Иоанн, казалось, возликовал:
— Вот гляди в это окошко. Видишь кирпичный сарай иод цинком? Видишь?.. Ну, с виду электростанция или вокзал железнодорожный, а на самом деле контора Потребсоюза. Так вот я сказал: если хотите меня слушать, собирайте народ в этот сарай кирпичный. Дальше я не пошел. Сил нет. И что ты думаешь? Чуть ли не половина уральской земли сюда собралась!.. Хочешь, верь, хочешь, нет. Перешел дорогу вот по той тропке, что пустырь перечеркнула, и держал речь, почитай, часа четыре: что есть земля наша кормилица и что есть хлеб наш насущный… А на другой день два мужика дюжих приперли чувал муки-крупчатки, так сказать, вместо гонорара.
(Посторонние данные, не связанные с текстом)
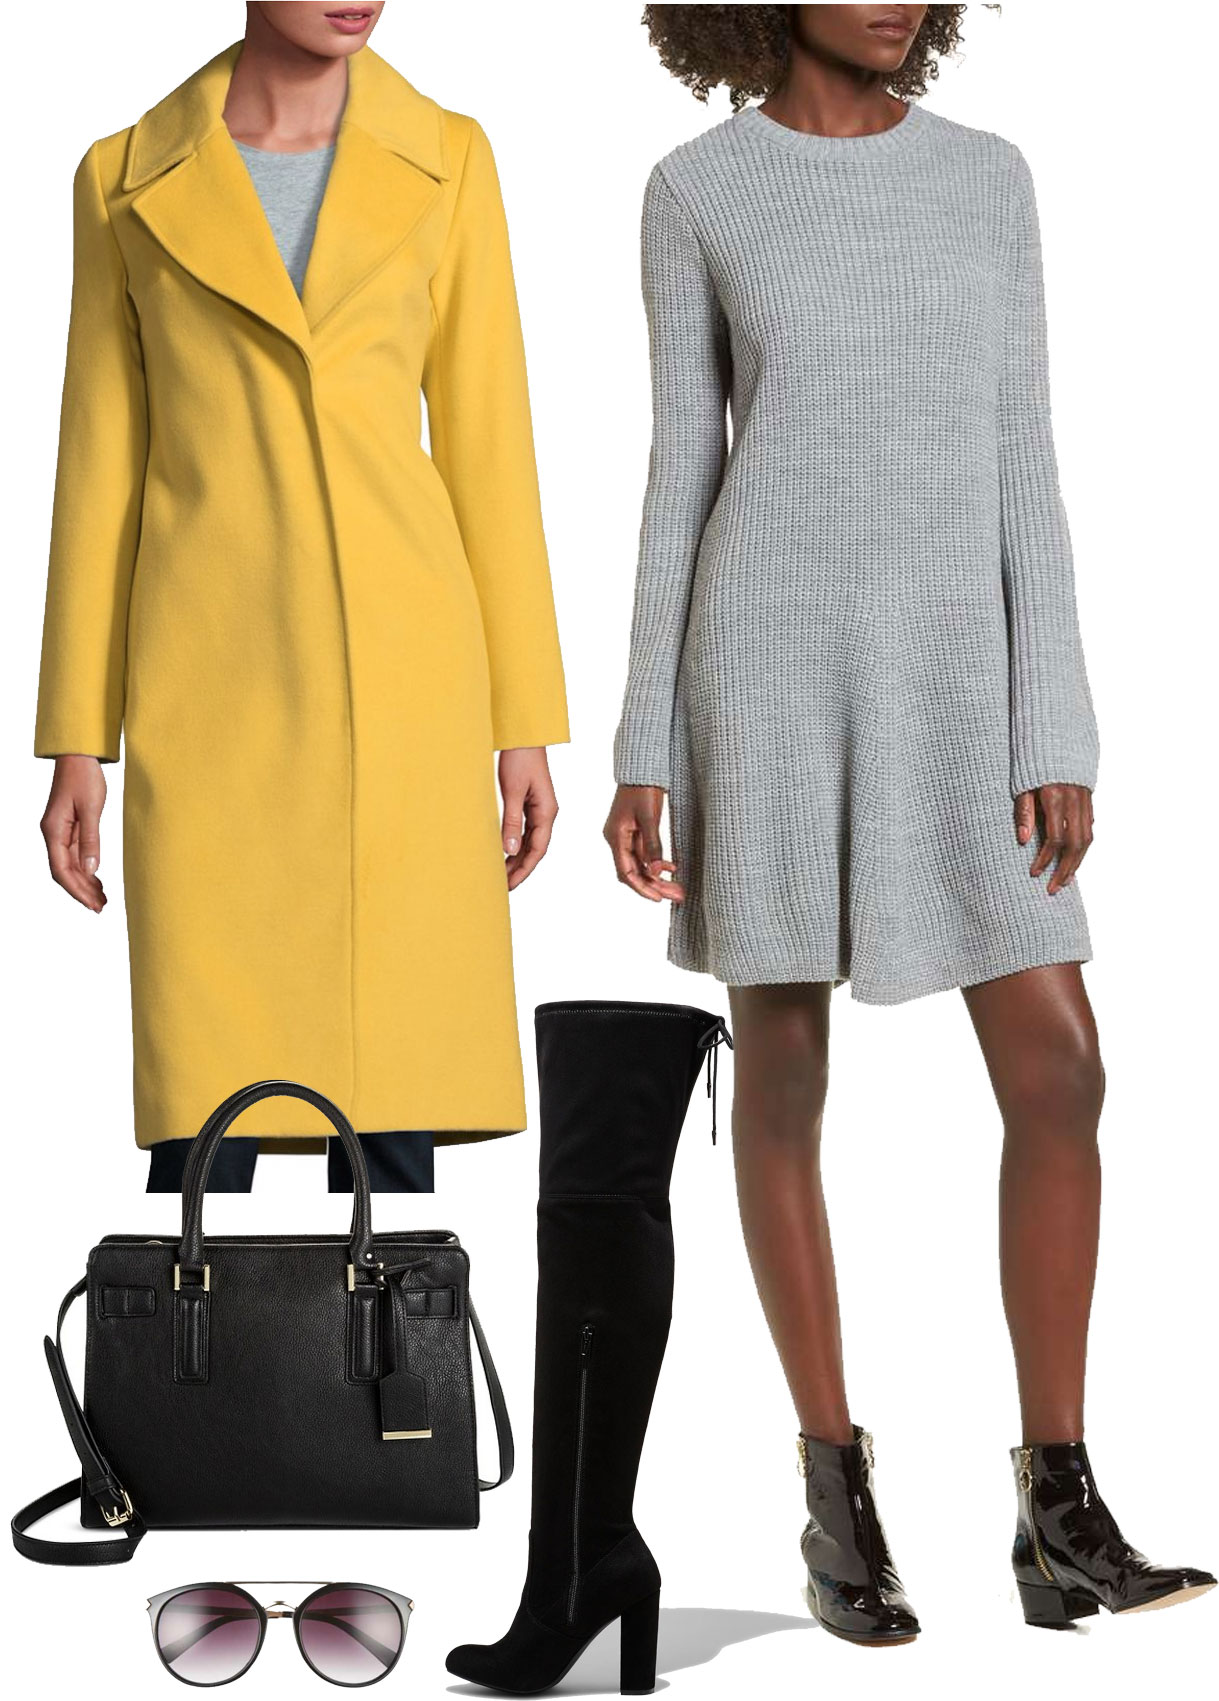 grayl-dress-sweater-yellow-jacket-coat-black-bag-sun-black-shoe-boots-otk-gabrielleunion-fall-winter-lunch.jpg

Ну, муку я им отослал обратно, так, оставил малость на оладьи Иришке. — Он посмотрел на Егора не без неприязни. Глаза его сощурились, ноздри затрепетали. — А почему, собственно, я тебе это объясняю?.. Неужели ты, чадо мое бесценное, так и не уразумел, кто есть отец твой?
А потом они сидели втроем и Бардин слушал, как Ольга роняла слова и они бухали гулко, как камни, падающие в колодец, хотя были негромки.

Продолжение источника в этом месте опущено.